Reputation: 1820
Ok, there are a couple approaches to the problem of triggering a click() for a dynamically-generated element. First, this will work for Chrome but not IE or FF:
var href="/myUrl";
var link = $("<a>");
link.prop("href", href);
link[0].click()
So, if the thinking is that using click() on an element that doesn't exist won't work in IE or FF, what's the best approach?
var href="/myUrl";
var link = $("<a>");
link.prop("href", href);
$(document).append(link); // Attach it to the DOM so it exists
link[0].click()
Or is there something even simpler that I'm missing? Thanks for any helpful tips.
Upvotes: 1
Views: 1184
Reputation: 3940
The following is a function that I've used in production code, it's a bit different from yours but it might be what you need.

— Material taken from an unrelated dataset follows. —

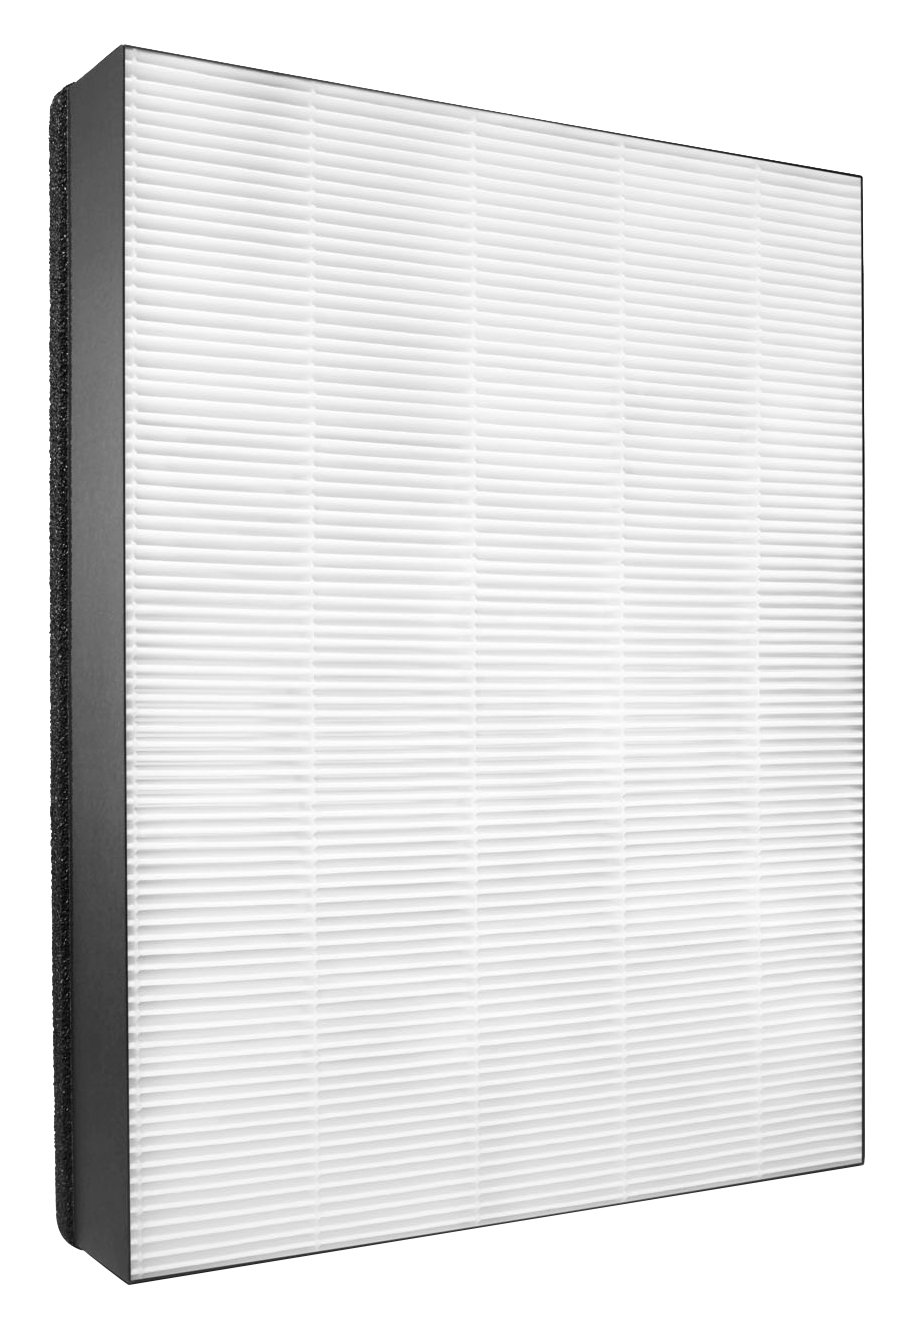 Philips Qualit/à Aria FY2420//30 Filtro Nanoprotect a Carboni Attivi
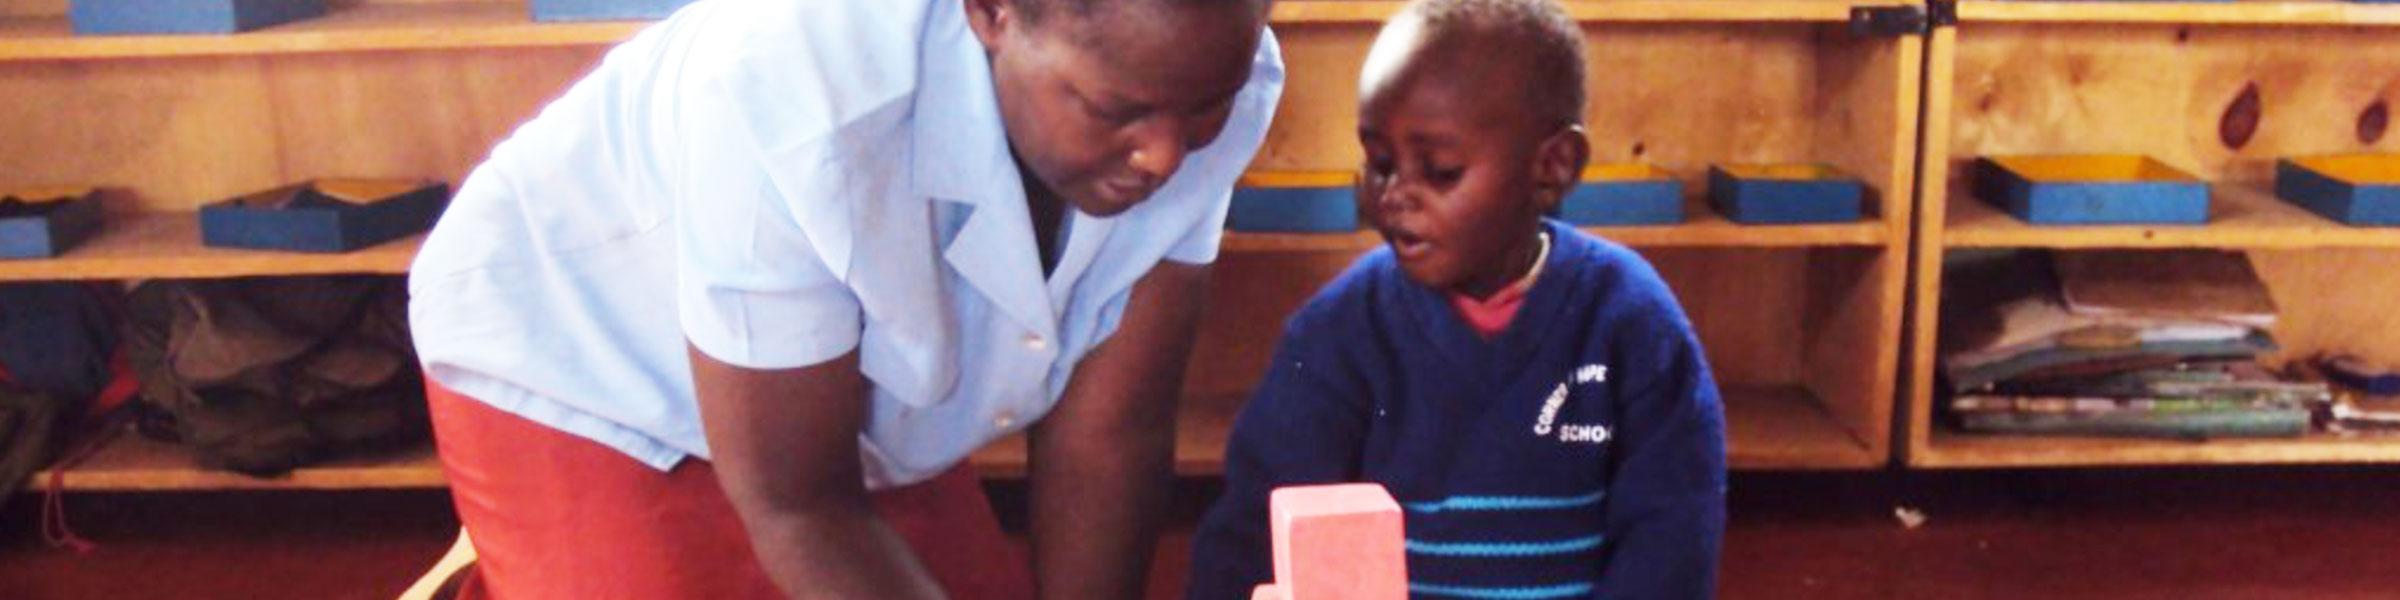 East Pokot Montessori Teacher and Child

function psuedoClick(href, target){
if(!target) target = '_self';
var falseAnchor = $('<a/>').attr({
'href' : href,
'target' : target
}).appendTo('body');
falseAnchor[0].click();
falseAnchor.remove();
};
Just pass in the arguments when you call the function and it'll work.
Upvotes: 1
Reputation: 1073978
You've said you want to trigger the download of a file. Another simple way to do that is to have an invisible iframe
on the page:
<iframe src="about:blank" style="display: none" id="downloader"></iframe>
...then when you want to trigger the download:
$("#downloader").attr("src", "/myUrl");
As with your current solution, it's important that the response containing the file have a Content-Disposition
header identifying it as an "attachment" (the same header can also suggest a name), to get consistent handling across MIME types.